▸ WORK INSTRUCTION
No picture belongs in the copy. Repeat each line below exactly.

▸ GIVEN DATA
[Start of section]

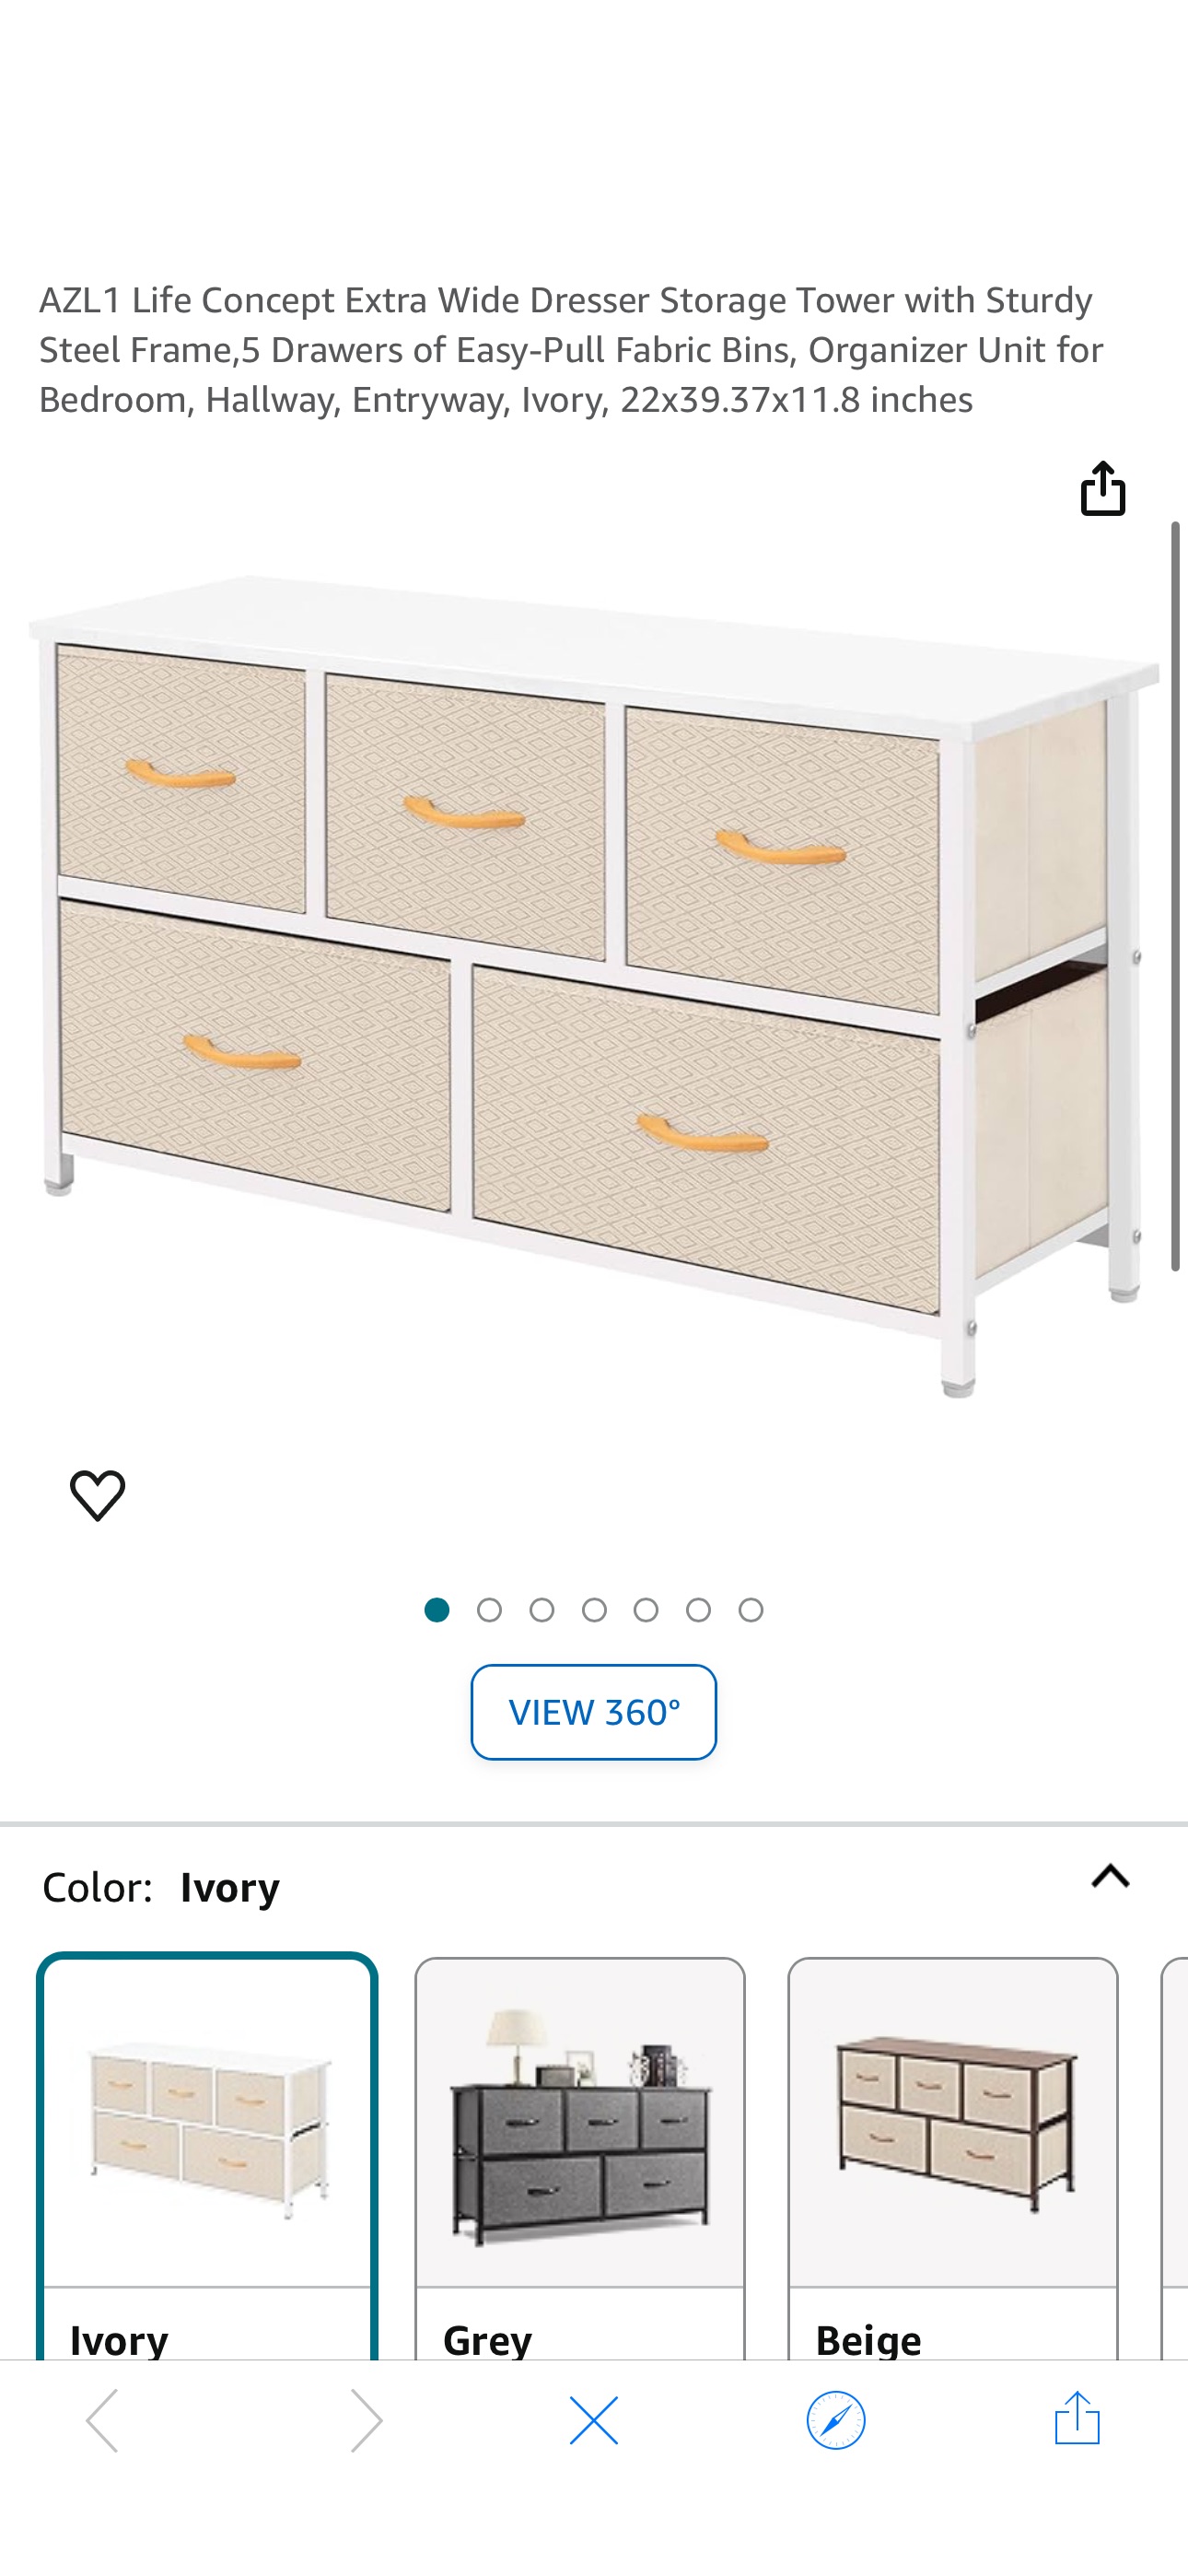 Amazon.com: AZL1 Life Concept Extra Wide Dresser Storage Tower with Sturdy Steel Frame,5 Drawers of Easy-Pull Fabric Bins, Organizer Unit for Bedroom, Hallway, Entryway, Ivory, 22x39.37x11.8 inches : 
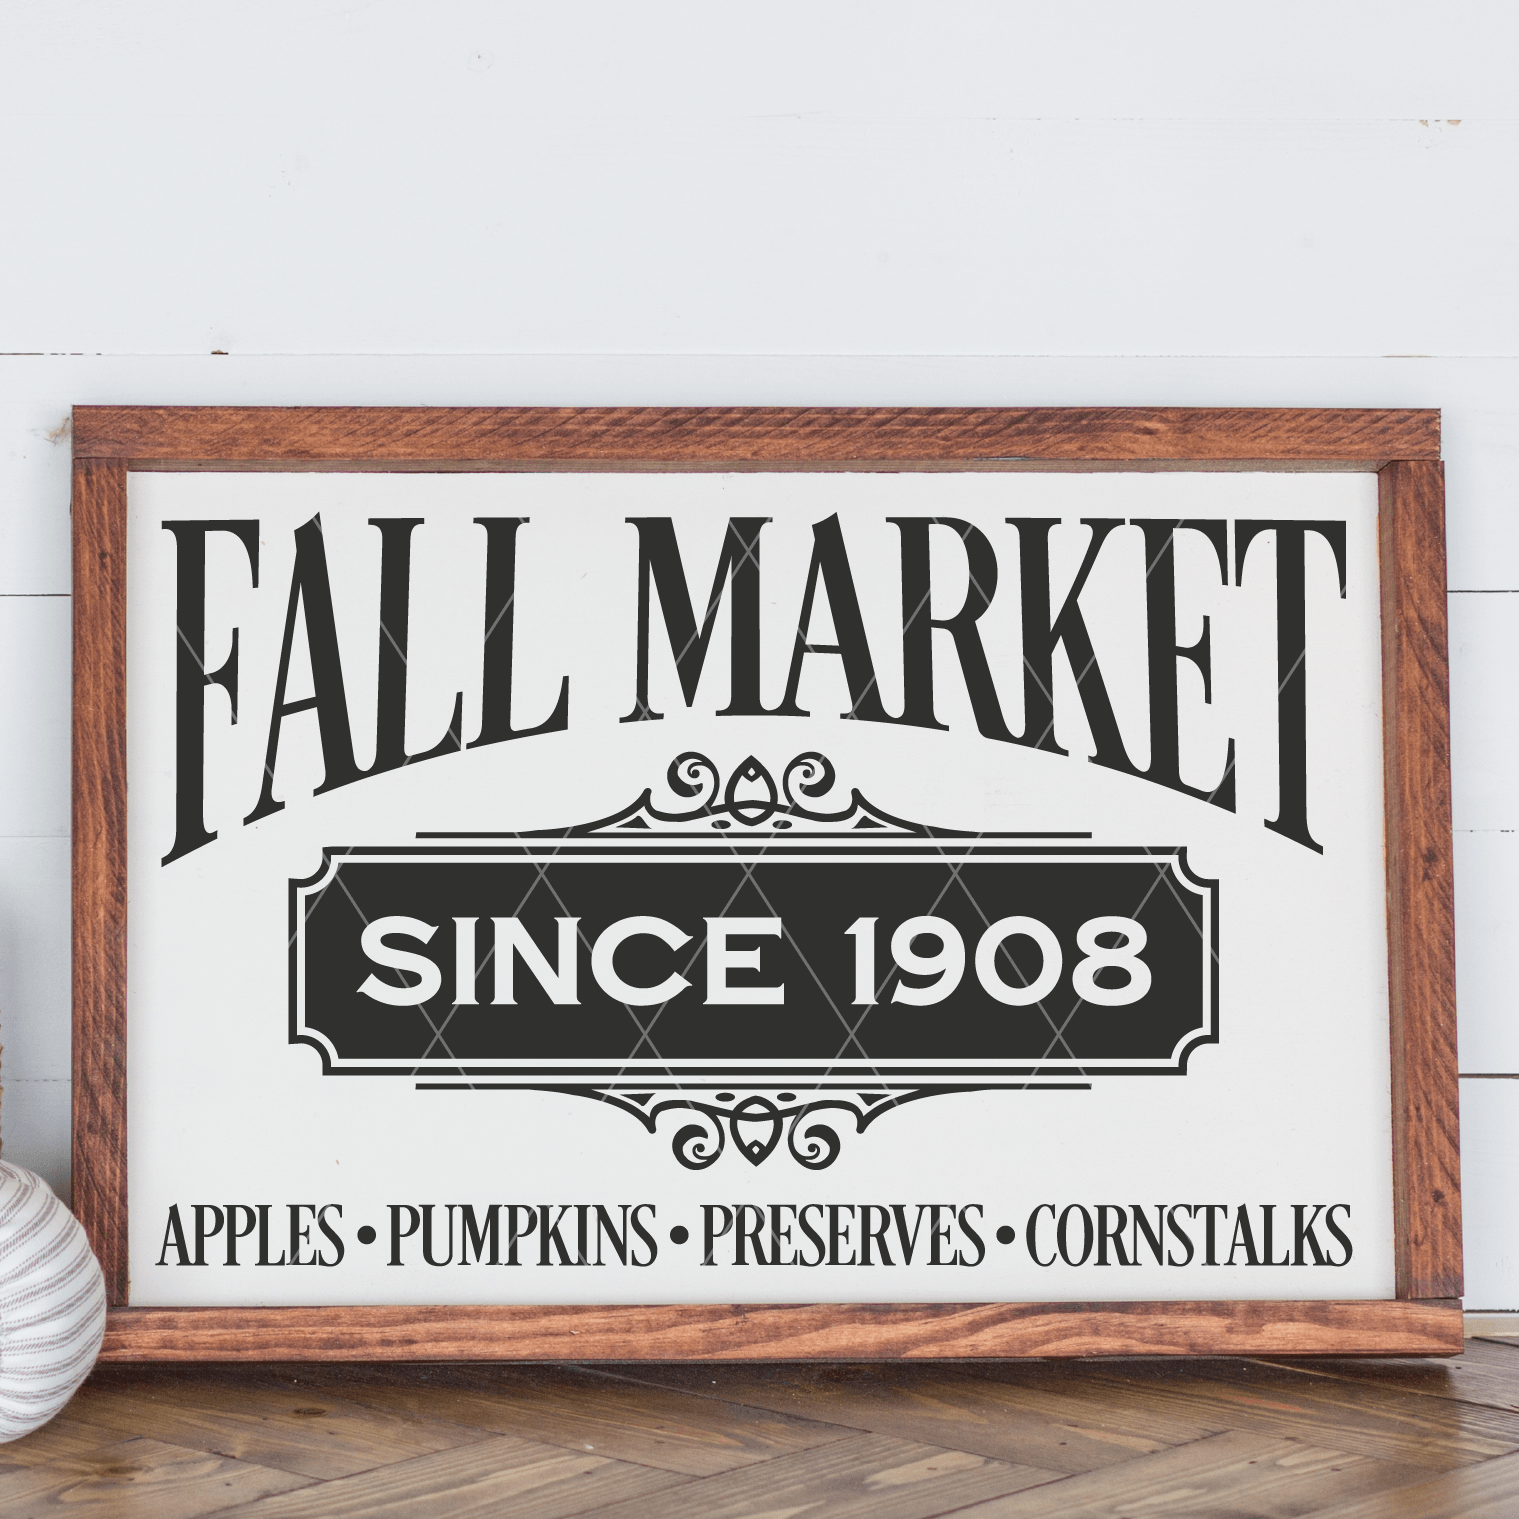 Vintage Style Fall Market SVG Cut File - Commercial Use SVG Files for Cricut & Silhouette
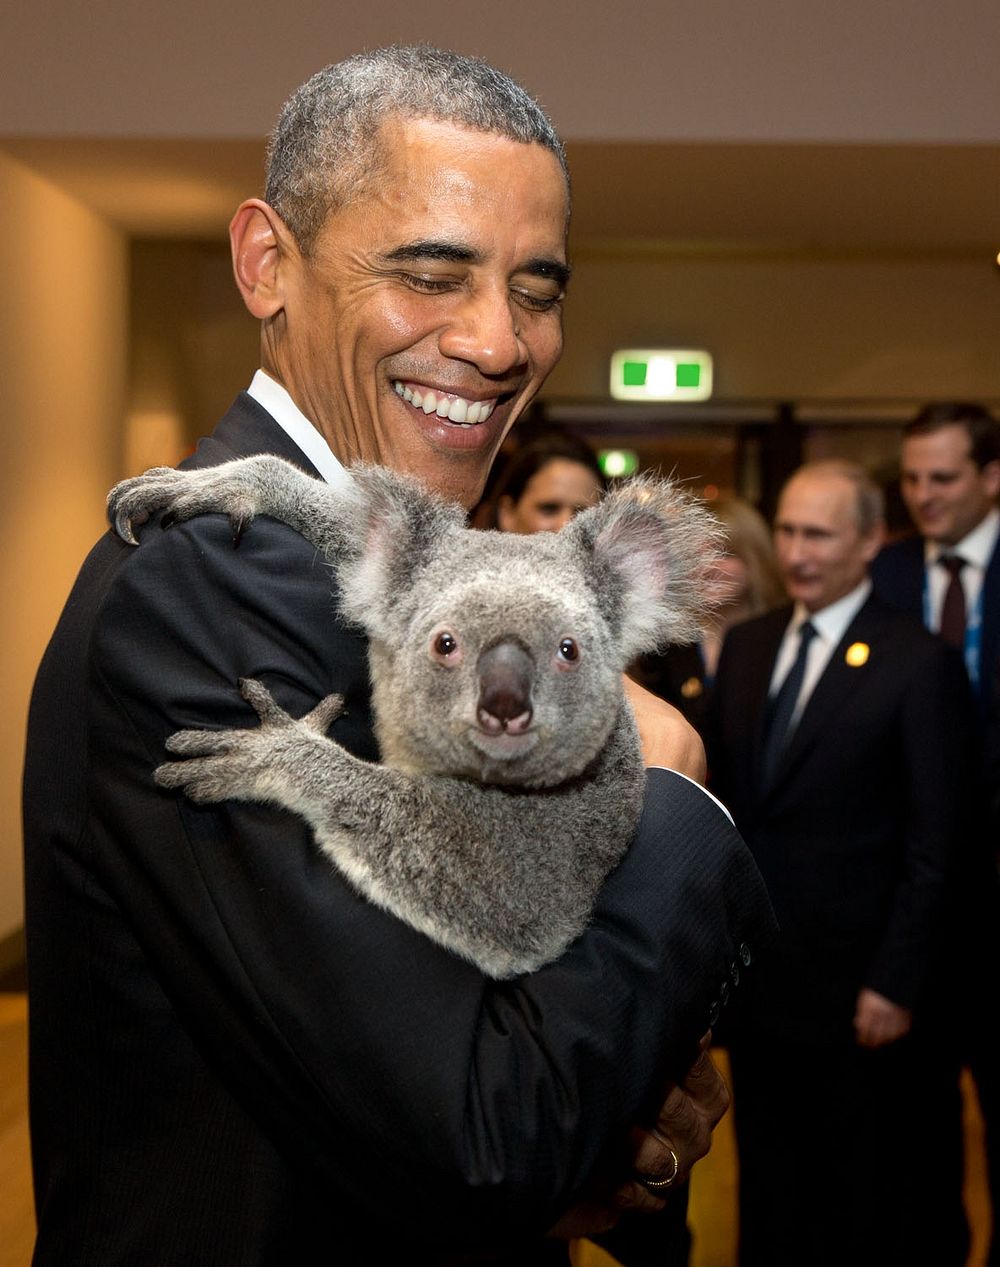 "The President holds a koala backstage prior to the G20 Welcome to Country Ceremony at the Brisbane Convention and…

[End of section]

▸ EXERCISE ANSWER
 Amazon.com: AZL1 Life Concept Extra Wide Dresser Storage Tower with Sturdy Steel Frame,5 Drawers of Easy-Pull Fabric Bins, Organizer Unit for Bedroom, Hallway, Entryway, Ivory, 22x39.37x11.8 inches : 
 Vintage Style Fall Market SVG Cut File - Commercial Use SVG Files for Cricut & Silhouette
 "The President holds a koala backstage prior to the G20 Welcome to Country Ceremony at the Brisbane Convention and…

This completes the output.